Ishikawa等利用β-味喃果糖苷酶(FFase),在甜菊苷C-19位所连的葡萄糖基上通过β-2,6糖苷键引入一分子呋喃果糖,得到高纯度的甜菊苷-呋喃果糖产物(Ishikawa,1991);但是FFase在反应过程中又会水解产物,使产率减小到不利于工业化生产。Kusakabe等从土壤中筛选得到一种存在于放线菌菌株K-128细胞表面的β-葡萄糖转移酶(Kusakabe,1992),该酶只特异性地催化凝胶多糖和甜菊苷反应,得到在甜菊苷C13槐糖基上以β-1,6-糖苷键连接一分子葡萄糖的产物,虽然改性后的产品口感得到改善,但是反应时间长,反应148h后产物的产率只有20%。
尽管许多酶都有转苷的能力,但只有少部分能催化甜菊糖苷的转苷反应。例如日本天野酶制品株式会社出售的来源于黑曲霉的转苷酶L-500(500TGU/g,商品名Transglucosidase L)就不能用于甜菊苷的转苷(Wan,2012)。Thermus thermophilus DSM579所产的α-葡萄糖苷酶,对甜菊苷的转苷能力也非常低,反应24h甜菊苷的转化率小于1%(Ye,2013)。

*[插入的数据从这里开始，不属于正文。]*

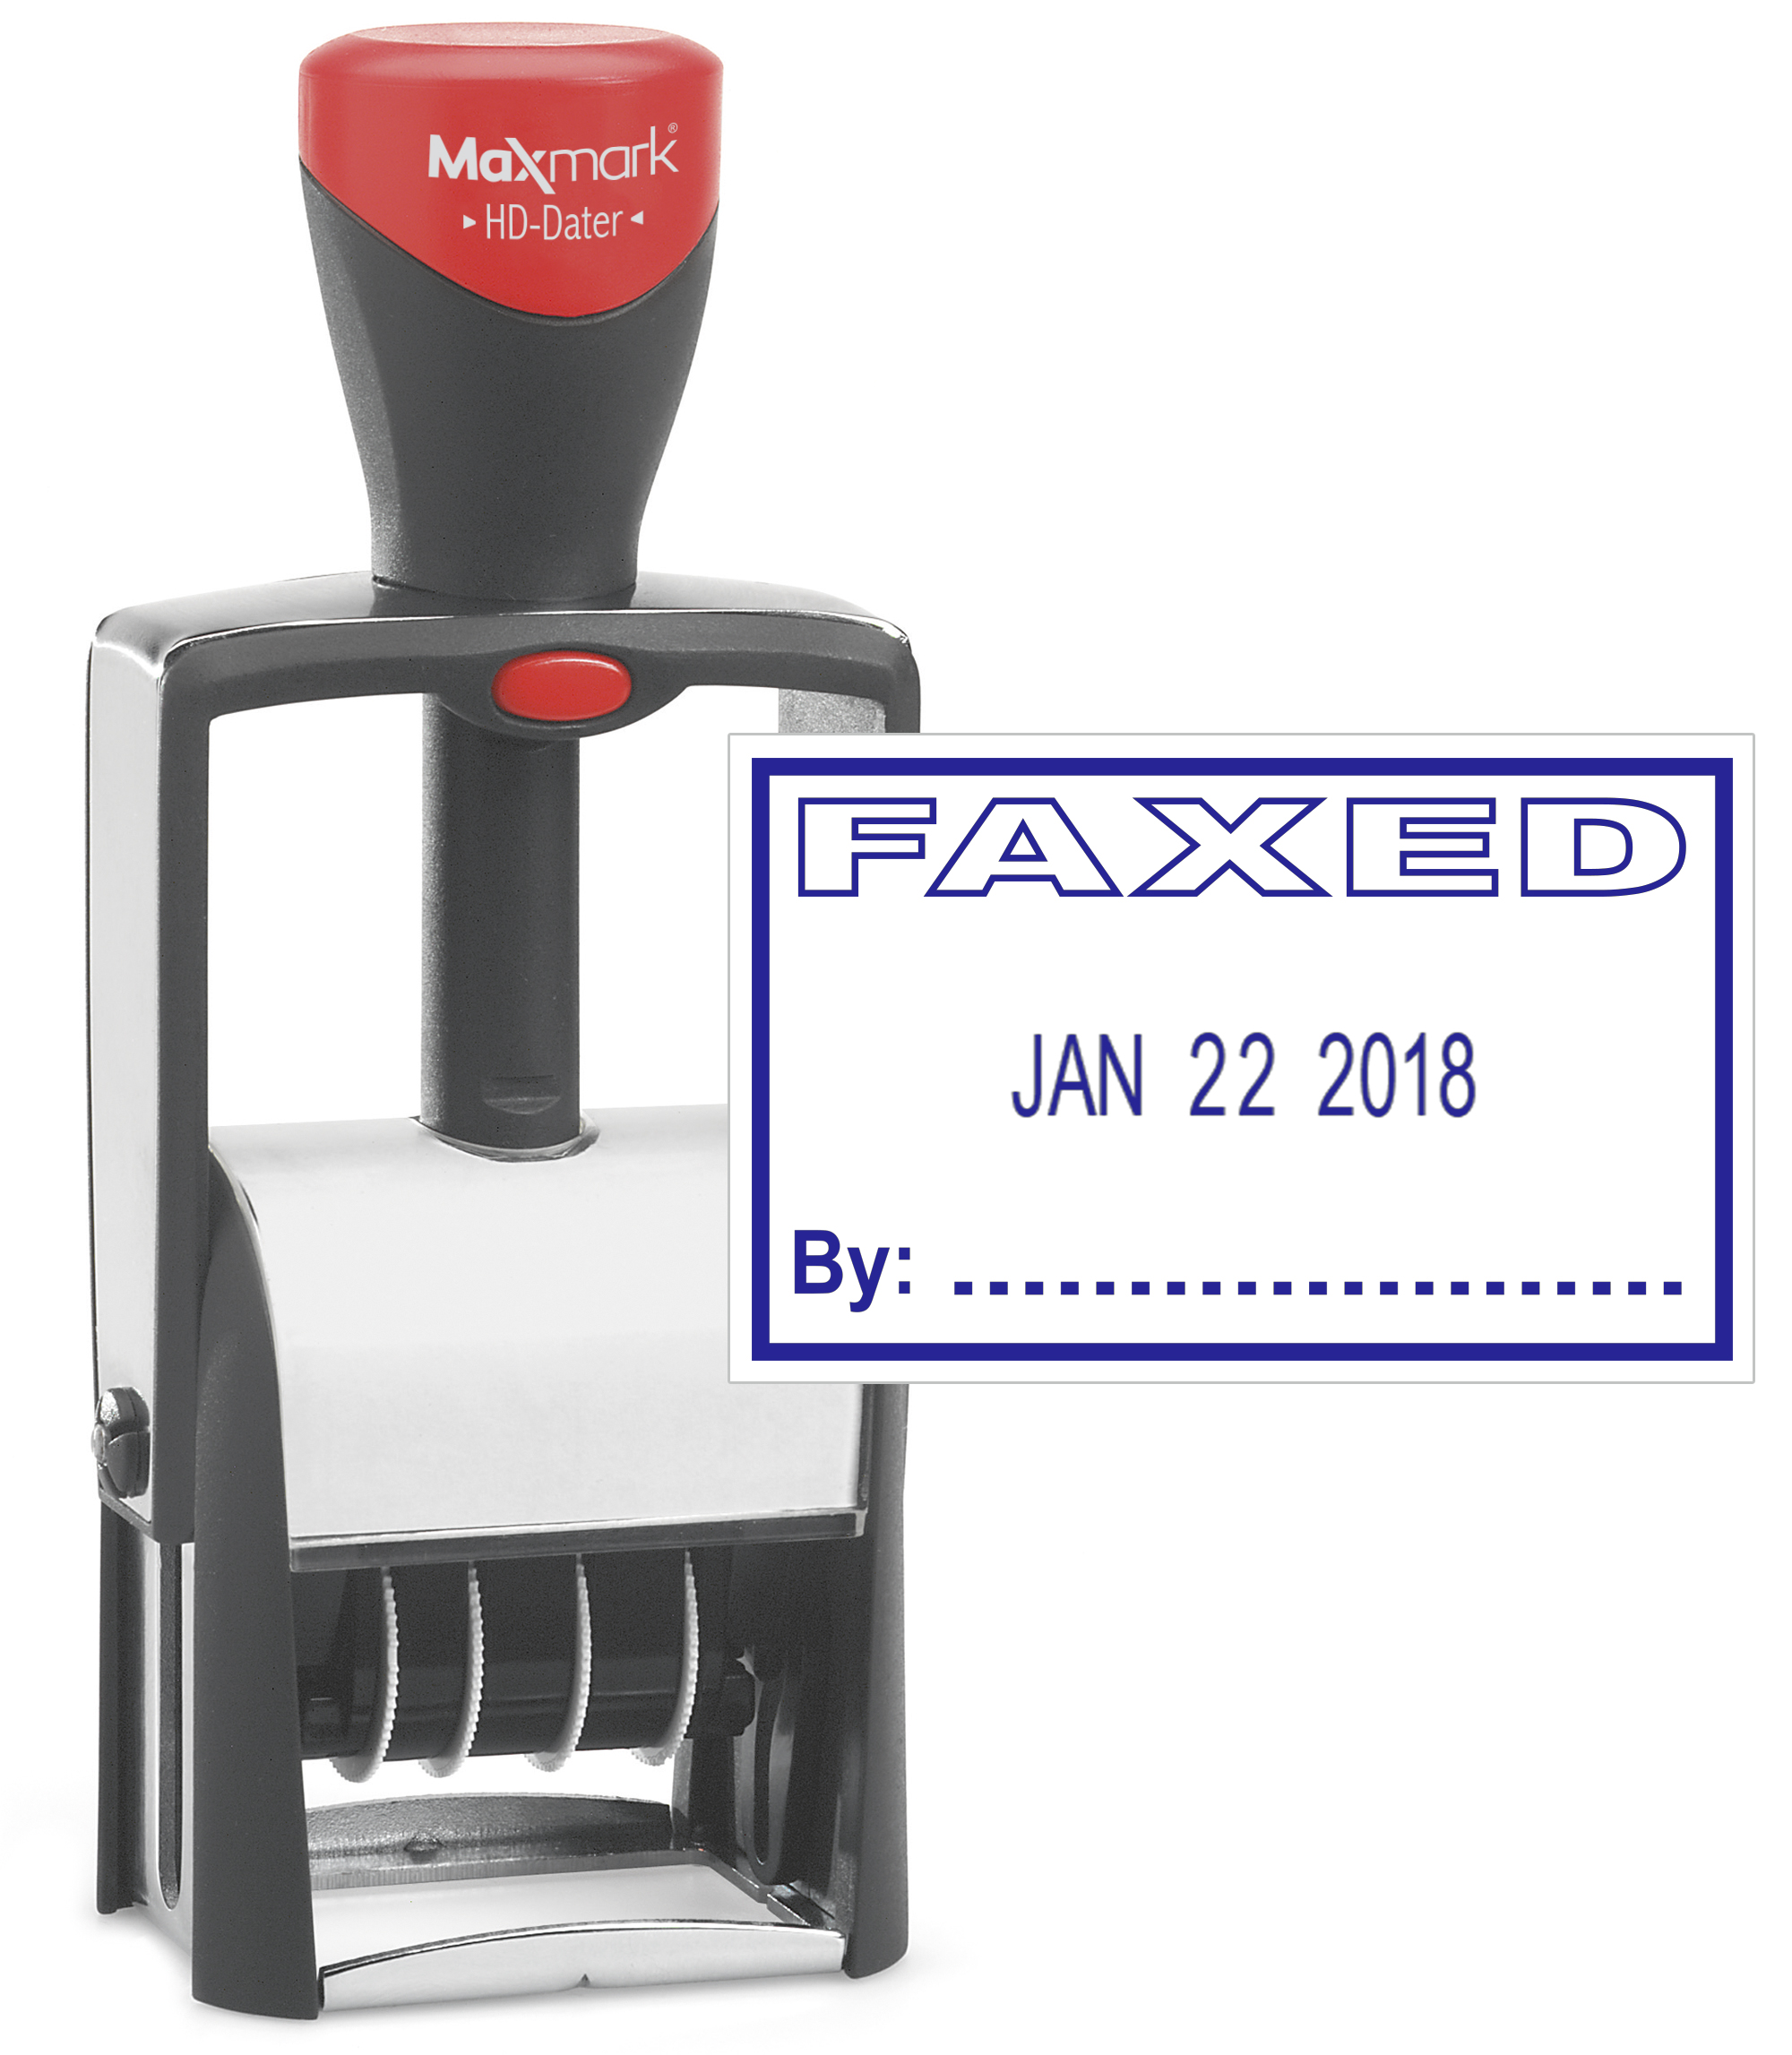 Heavy Duty Date Stamp with "FAXED" Self Inking Stamp - BLUE Ink

实际上,目前用于甜菊糖苷改性的糖酶,就研发人员的初衷而言,糖酶的目标底物和产物大都与甜菊糖苷改性无关----比如环糊精葡萄糖基转移酶。
交替糖蔗糖酶(alternansucrase,EC2.4.1.140),通常被用来合成交替糖寡糖,交替糖寡糖的主链是葡萄糖单元通过α-1,3-吡喃葡萄糖苷键和α-1,6-吡喃葡萄糖苷键交替连接而成。例如以蔗糖为底物合成含有α-1,3糖苷键和α-1,6糖苷键的交替糖;或以麦芽糖、异麦芽糖、龙胆二糖等寡糖为受体,蔗糖为供体,通过葡糖基转移作用生成低聚糖。且这些低聚糖具有较好的益生作用,能够有效的改善人体的肠道健康。
交替糖寡糖聚合的程度可随蔗糖与受体麦芽糖的浓度和相对比率而变化,当然也随酶的性质而改变。反应产物交替糖寡糖通常由具有不同聚合度的寡糖的混合物组成。在相对高的蔗糖和麦芽糖比率时,更多的糖基单元被转移至葡聚糖中,并获得具有更高聚合度的产物。与此相反,在低的蔗糖和麦芽糖比率时,主要的反应产物是单个糖基单元转移至受体而产生的产物。例如,申请号为CN201810148068.2的专利申请中,用来源于柠檬明串珠菌的交替糖蔗糖酶,以马铃薯淀粉和蔗糖为原料,调节马铃薯淀粉和蔗糖的比例,添加高温酸性α淀粉酶、β粉淀粉酶、普鲁兰酶、麦芽糖淀粉酶和交替糖蔗糖酶先后催化反应72h时,最终底物转苷效率达88.9%,合成得到二糖、三糖、四糖、五糖、六糖和七糖。但是,来源于柠檬明串珠菌的交替糖蔗糖酶催化合成葡萄糖基莱鲍迪苷A的酶活很低。
发明内容
本发明以蔗糖为糖基供体,莱鲍迪苷A为受体,用来源于枯草芽孢杆菌(Bacillussubtilis WB600,CGMCC NO.5757)的交替糖蔗糖酶催化莱鲍迪苷A的转苷反应,合成单、二葡萄糖基莱鲍迪苷A;莱鲍迪苷A的转化率可超过90%,产品中单葡萄糖基莱鲍迪苷A的HPLC峰面积百分比大于37%,单、二葡萄糖基莱鲍迪苷A的HPLC峰面积百分比之和大于50%。
本发明提供了用交替糖蔗糖酶催化合成单、二葡萄糖基莱鲍迪苷A的方法,是将莱鲍迪苷A(RA)与蔗糖配制成反应液,加入交替糖蔗糖酶,于20-45℃恒温搅拌反应。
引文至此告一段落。